PROBLEM DESCRIPTION: Would you please copy all of the data exactly, skipping the images?

INFORMATION PROVIDED:
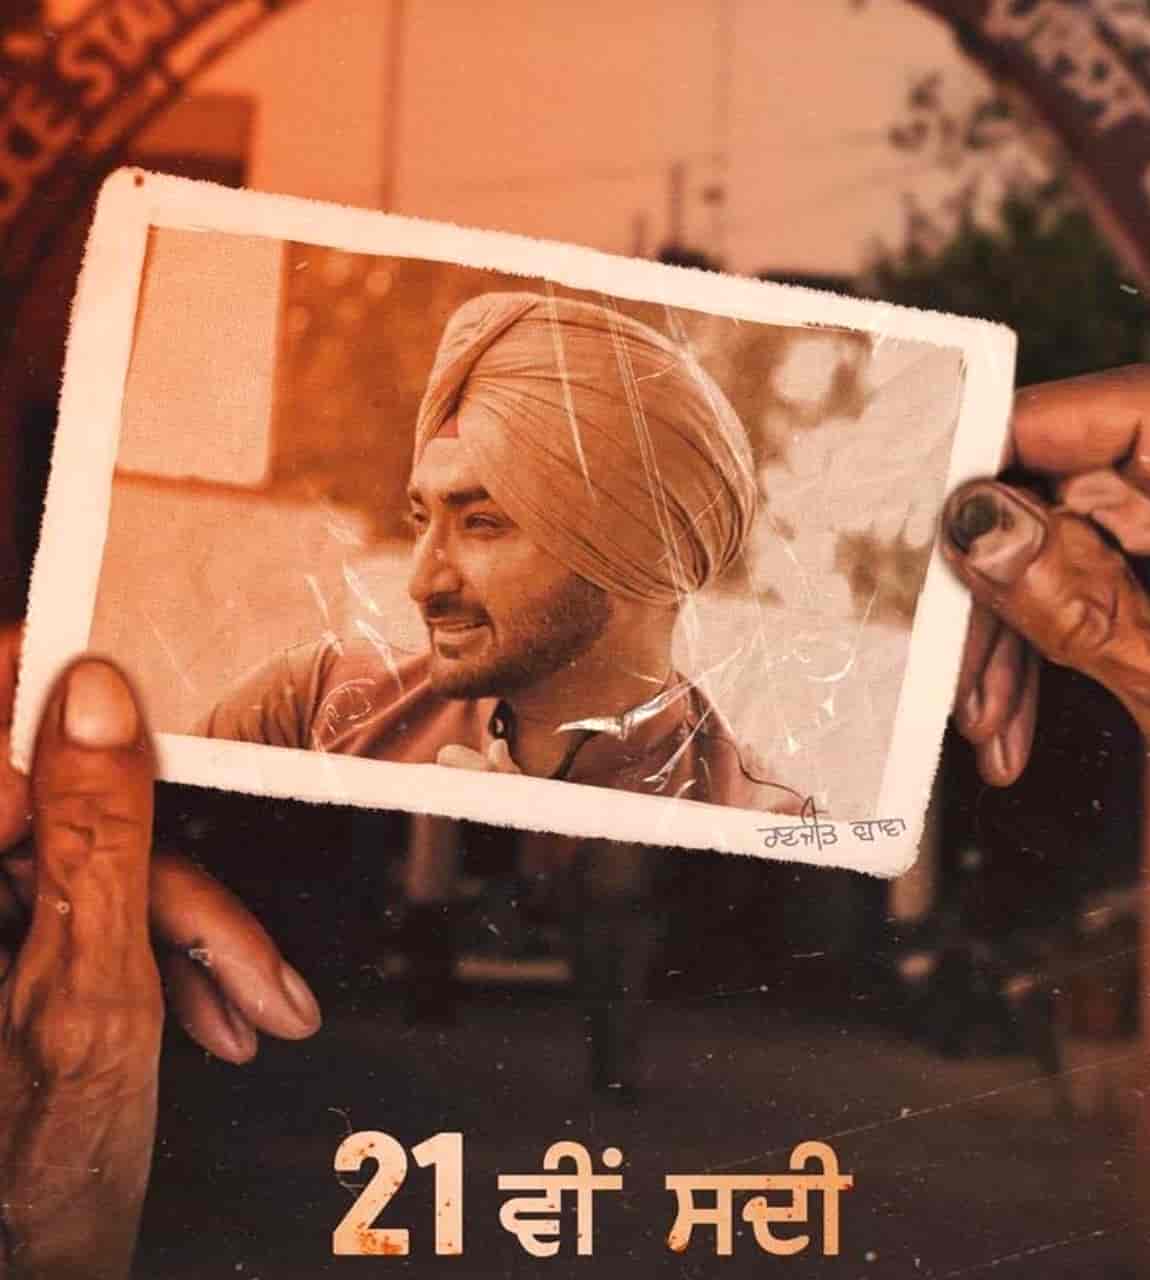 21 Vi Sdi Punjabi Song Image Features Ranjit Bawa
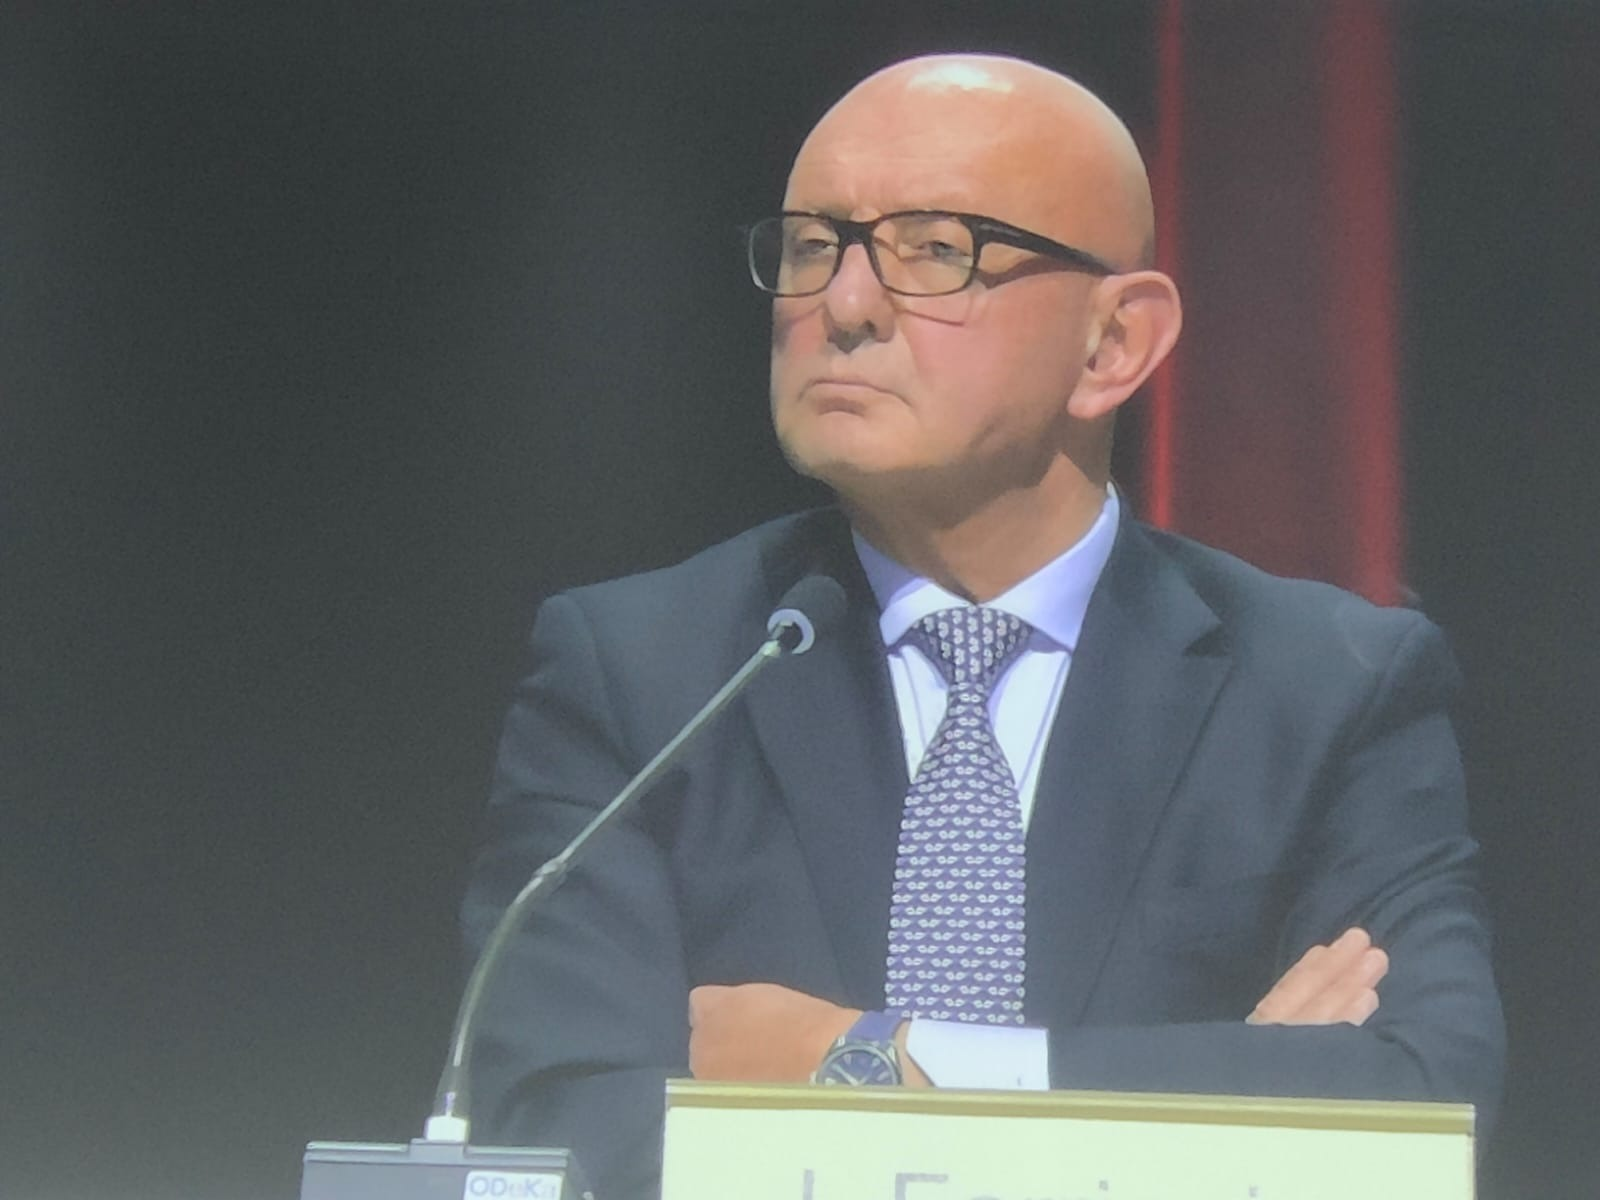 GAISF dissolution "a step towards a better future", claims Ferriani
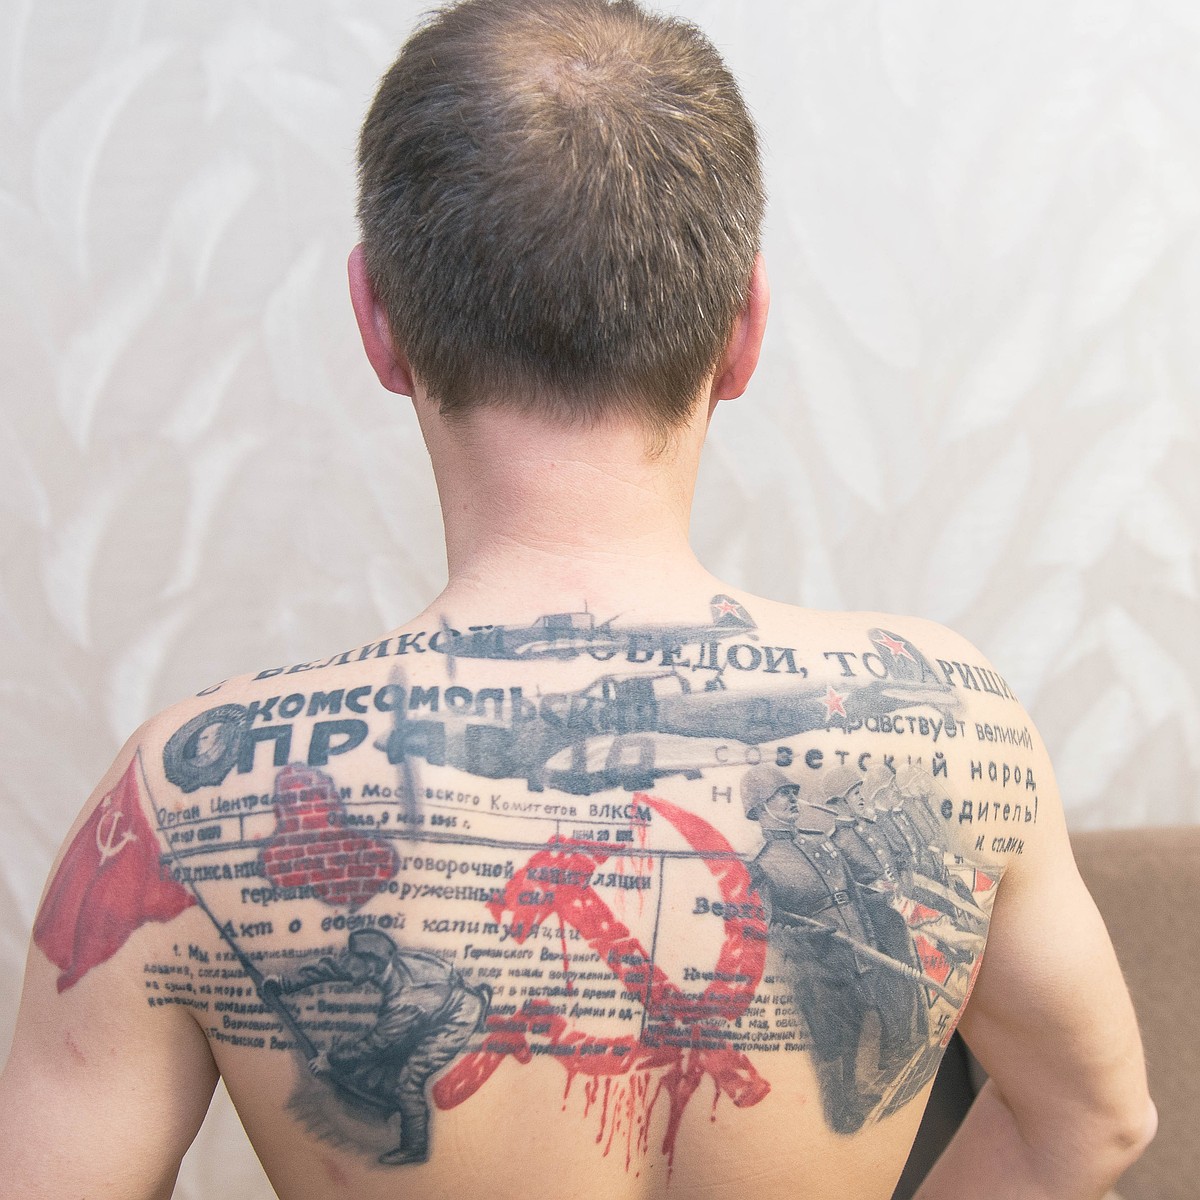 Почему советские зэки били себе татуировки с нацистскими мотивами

EXERCISE RESPONSE:
 21 Vi Sdi Punjabi Song Image Features Ranjit Bawa
 GAISF dissolution "a step towards a better future", claims Ferriani
 Почему советские зэки били себе татуировки с нацистскими мотивами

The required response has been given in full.